I just picked up a new GP100 yesterday!! Can't wait to shoot it -- hopefully tomorrow.

This is my first revolver. I shot a few 686s on different occassions and really liked them, but the price was kind of high for me. I stumbled onto the Ruger GP100 while browsing at a local gun shop -- it happened to be on sale too (about $260 less than they were selling their 686s). Anyway, I talked it up with local gun shop guys who sold both brands and did my research on this forum and others. By most accounts this gun seems like a great comparable to the 686 and within my price range. It felt great in my hand and I like the trigger. So I went back and got it! It's cleaned and ready to go!

2 Questions

1 - It came with a small brass rod (about 1/8 inch in diameter and about 3/4 inch long) in a plastic bag. I have no idea what this is for -- it isn't referenced in the manual. Any ideas?

EDIT: I called Ruger Customer Service. The rod is a "disassembly pin" that opens the trigger assembly. I'll probably never use it.

2 - I think I'd like to replace the black front sight or put a dot on it. Ebay has Ruger brand factory replacement front sights with red inserts for about $16. Anyone have experience with these? Are they easy to swap out?


----------



## TOF (Sep 7, 2006)

Millet makes some good and economical GP 100 sights. Brownell sells them.They are easy to switch out. I like the bright orange one.

I don't recall getting a brass rod with mine so have no idea what you are talking about.

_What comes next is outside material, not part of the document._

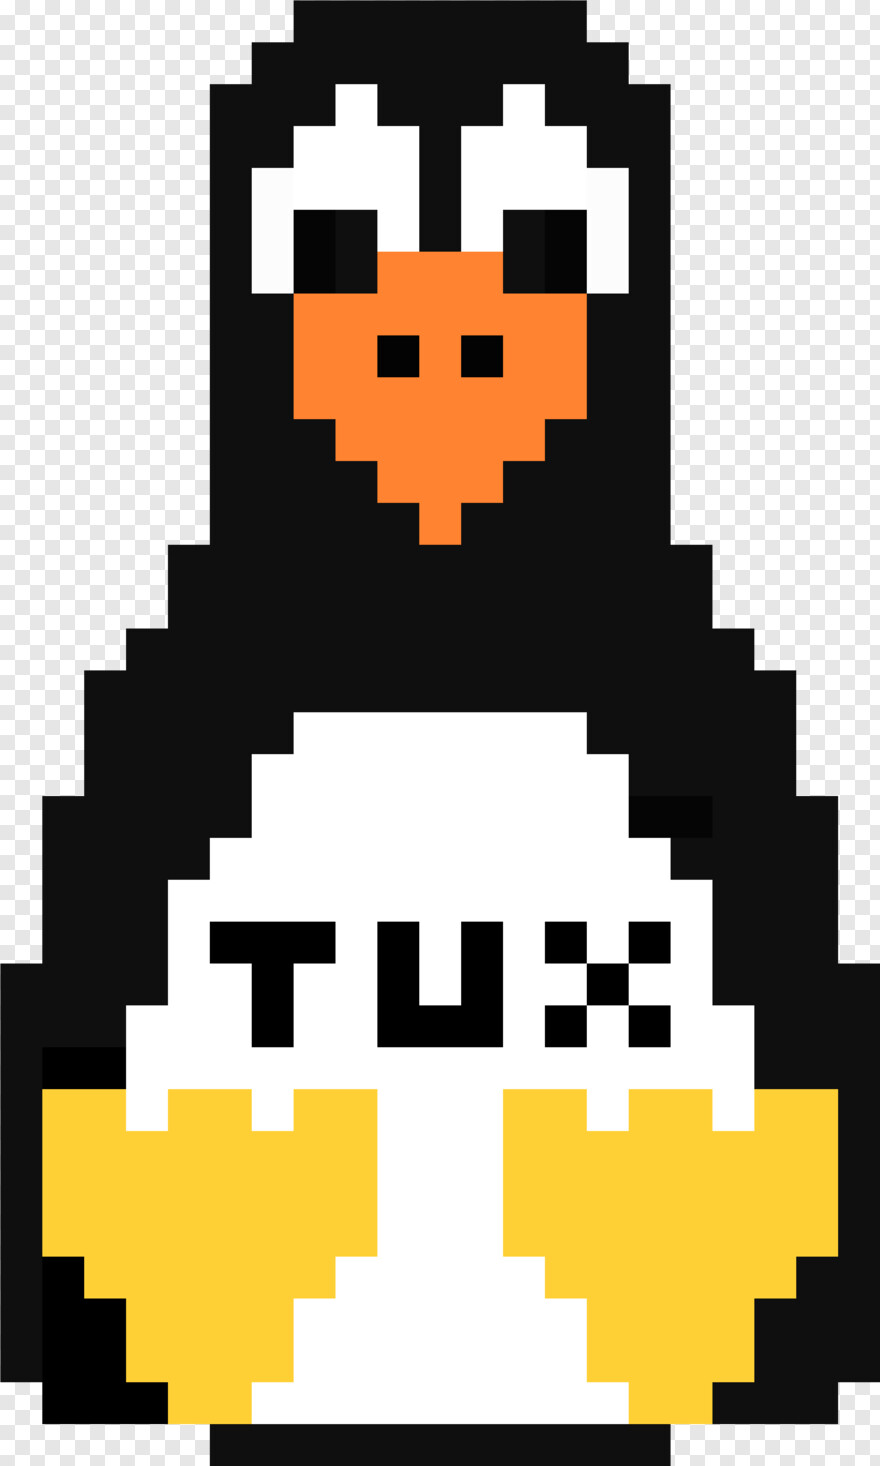 Linux Пингвин пиксельный

You picked a great revolver.


----------



## Scorpion8 (Jan 29, 2011)

LOVE my GP-100, also a 4" stainless model. I love being able to carry it in the woods with enough stopping power for most common annoyances, 2- or 4- legged. Accurate, fits the hand well, very well designed.


----------



## ronmail65 (Jan 18, 2011)

TOF said:


> Millet makes some good and economical GP 100 sights. Brownell sells them.They are easy to switch out. I like the bright orange one.
> 
> I don't recall getting a brass rod with mine so have no idea what you are talking about.
> 
> You picked a great revolver.


I saw the Millet's. I prefer them over the Ruger sight, but apparently the Millet's are out of production. Looks like I'm going to get the Ruger.

I learned that the brass rod is a disassembly pin for the trigger assembly.


----------



## ronmail65 (Jan 18, 2011)

As an update, I actually ended up purchasing the Ruger red front sight blade. It went right into place very easily. Hope to try it out this weekend.

I shot the GP100 for the first time last weekend -- 100 rounds of 38 special. I got good groups but they were consistently high. I'm going to try a sight adjustment next time out. I also plan to try some 357 ammo.


----------



## TOF (Sep 7, 2006)

The different velocity rounds are going to hit very different spots. Set the sights for what you plan to use the most or for defense.


----------



## thndrchiken (Oct 10, 2011)

I load 158 gr magnum loads for hunting and use 125 gr 38 sp +p loads for personal defense both are within 4" of each on poi with the 38 loads being approx 4" higher than the 357 load. I have my sights set for the middle of poi, so that the 357 load is 2" low and 38 2" high. BTW I have the williams fire sight fiber optics on mine, much better for low light and woods use.


----------



## berettatoter (Sep 1, 2011)

DFB said:


> I picked up a new GP100 .357 in 4" stainless yesterday.
> I only had an hour to test it out and man what a great little gun.I put 50 rounds through it at varying distances and shooting SA and DA. Out of the box it was pretty damned accurate. I can't wait to benchrest and zero this gun in.
> The weight and build of the GP is solid.You could pistol slap a Wookie with this thing.


Yeah, those revolvers are built to the hilt! Glad you like your purchase. Ruger made some money off of me today too - bought another 10/22. :smt033


----------



## gnslinger (Dec 9, 2011)

Picked up one a little over a week ago in Stainless with a 6 inch barrel and I love it! I miss the simplicity of wheel guns. I noticed mine shoots low, but I've got some replacement sights in route to the house. Can't wait to swap them out and see how it does. Basicly carry it when hunting and it hangs out in my night stand. Solid gun, I love it!


----------